The writing itself is neat, controlled and, despite a fairly liberal use of parentheses (a clear indicator of badly structured writing), flows smoothly. The problem is it’s bland to the point of tedium. Without the wonderful ideas that were present in the Harry Potter books, the writing feels rudimentary and unpoetic; Rowling simply doesn’t have a turn of phrase to fall back on when she has a plot that features only harsh realism. Too often Rowling’s language doesn’t quite find the mark; her point lost somewhere between thought and pen. With a string of odd metaphors and ambiguous sentences, there is undoubtedly a gap of comprehension left for the reader to fill.

The conclusion is a melodramatic set-piece, with a strong touch of The Good Samaritan, encompassing the key moral position. Though the conclusion brings events of great emotional impact, there is a level of dispassionate distancing between author and her creations, which transfers to the reader. This strikes an odd tone in a book that has such a clear moral message, and The Casual Vacancy is at risk of being all morals and no heart. This authorial objectivity might be to Rowling’s credit were it not for the very clear message that she appears to be putting across. The contrast between the passion for the cause and the dispassion for the characters strikes an odd chord, and frankly does not work. In addition to this, even the overarching morality becomes a little confused, with vulnerable / sympathetic characters taking at least their fair share of the blame for events at the novel’s conclusion.

The ending is bleak and forms a scathing assessment of the current state of the nation. There are Dickensian sensibilities here, but the novel is altogether lacking in Dickens’s flair for characterisation or his humour, and inherits instead Dickens’s weaknesses (certainly in his early novels) for overly simple moralistic arguments, and plots driven by improbable coincidences. This is not to say that Rowling’s moral compass is faulty; the message of society’s obligation to the less fortunate, and the distaste one should feel for the small- and narrow-minded opposition that stands in the way, is a good one. But quite simply, it is not complex or searching enough. Whilst exposing a wide audience to such a decent message is surely no bad thing, Rowling could and should have given her readers more credit than to paint everything in such a black and white fashion.
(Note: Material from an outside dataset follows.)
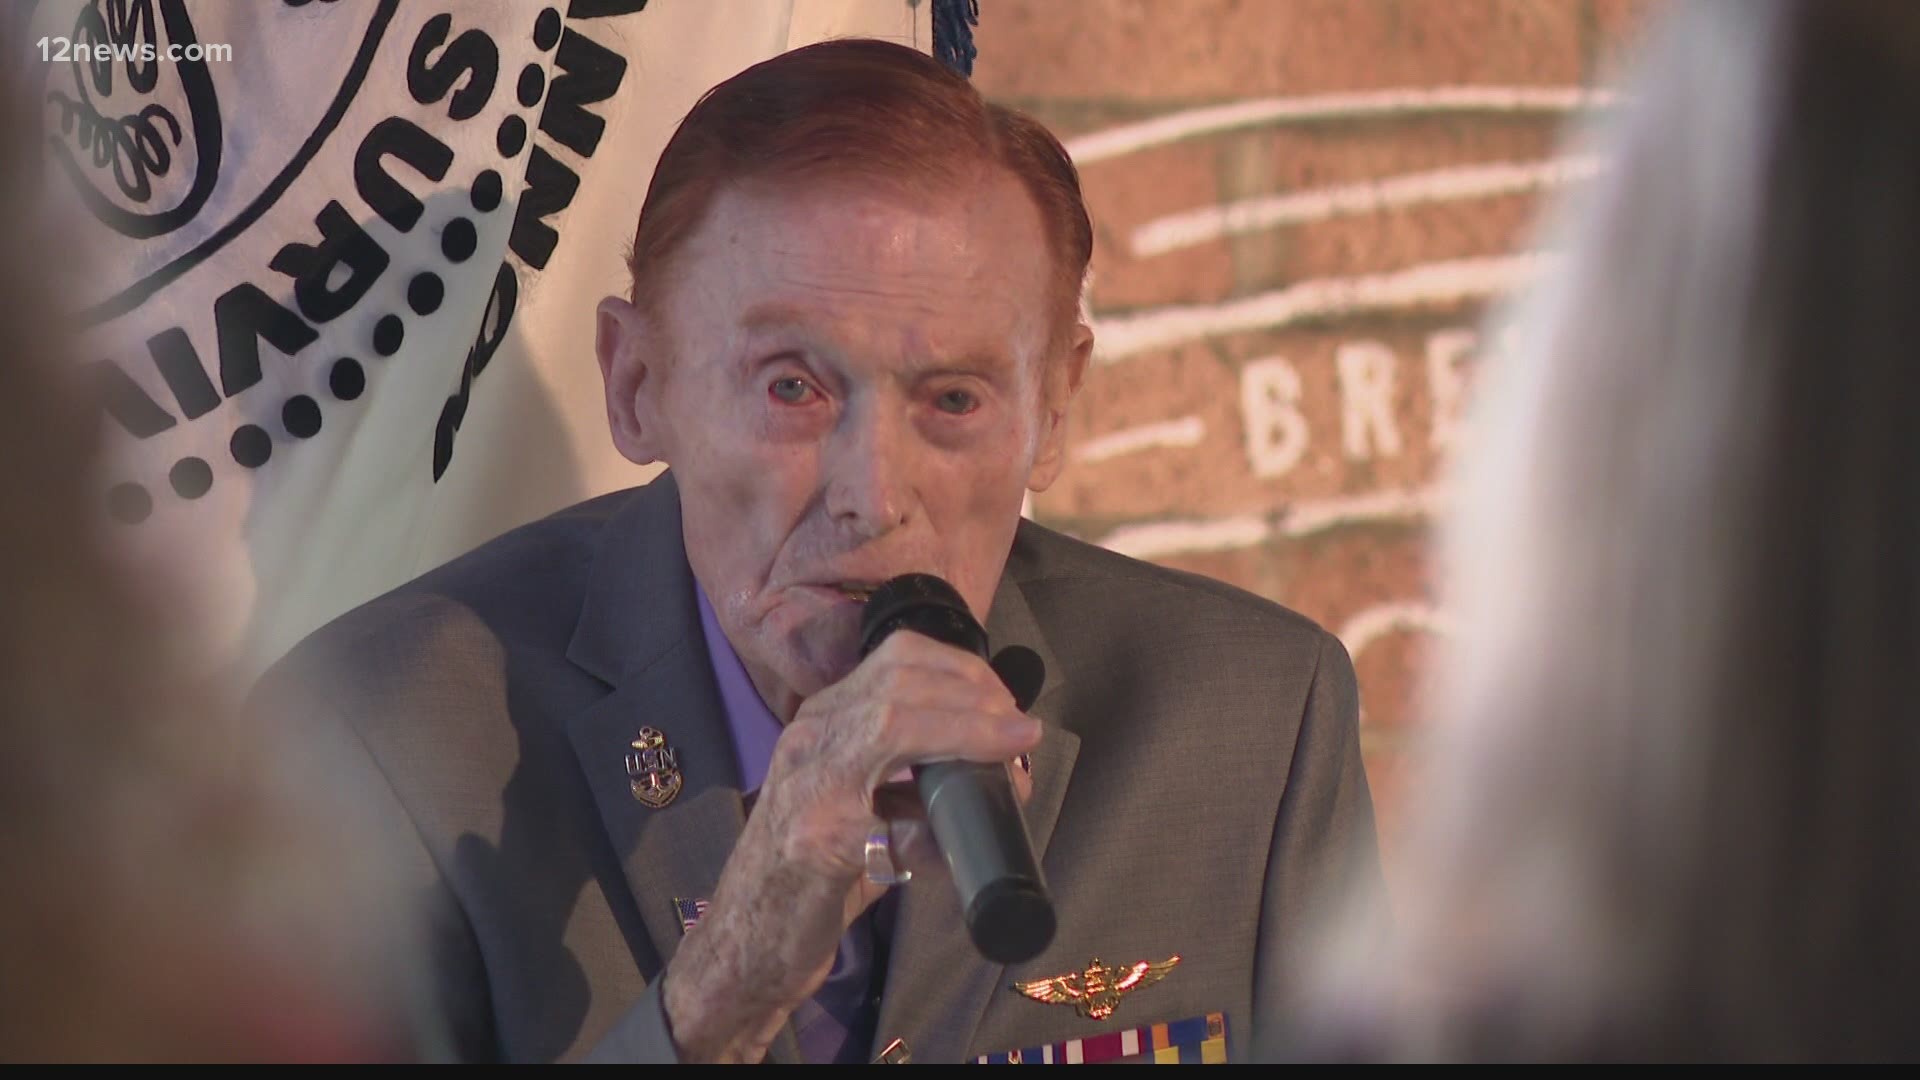 One WWII veteran is working to ensure kids today never forget the sacrifice they made. The 99-year-old is connecting with a local school to share his history.

As an aside, Rowling seems here to have an obsession with the female form, breasts in particular. The consistent references become tedious and, were they to have come from the pen of a male author, would almost certainly be called gratuitous.

Perhaps this was a book that Rowling felt compelled to write; a cathartic exercise that she needed to get out of her system before moving on to other things. In truth, if this hadn’t sprung from the pen of the world’s most successful author, it would likely not have been published, let alone stood any chance of selling millions of copies. The sheer lack of ideas is hopelessly disappointing, and one must hope that Rowling’s next work of fiction is something considerably more engaging.

I knew this would get a lot of bad press, no matter what it was like, and so I really, really wanted to like it (I know, I can be a contrarian). But honestly, it's dull, dull writing. Whether you're a Potter fan or not, I'd avoid this.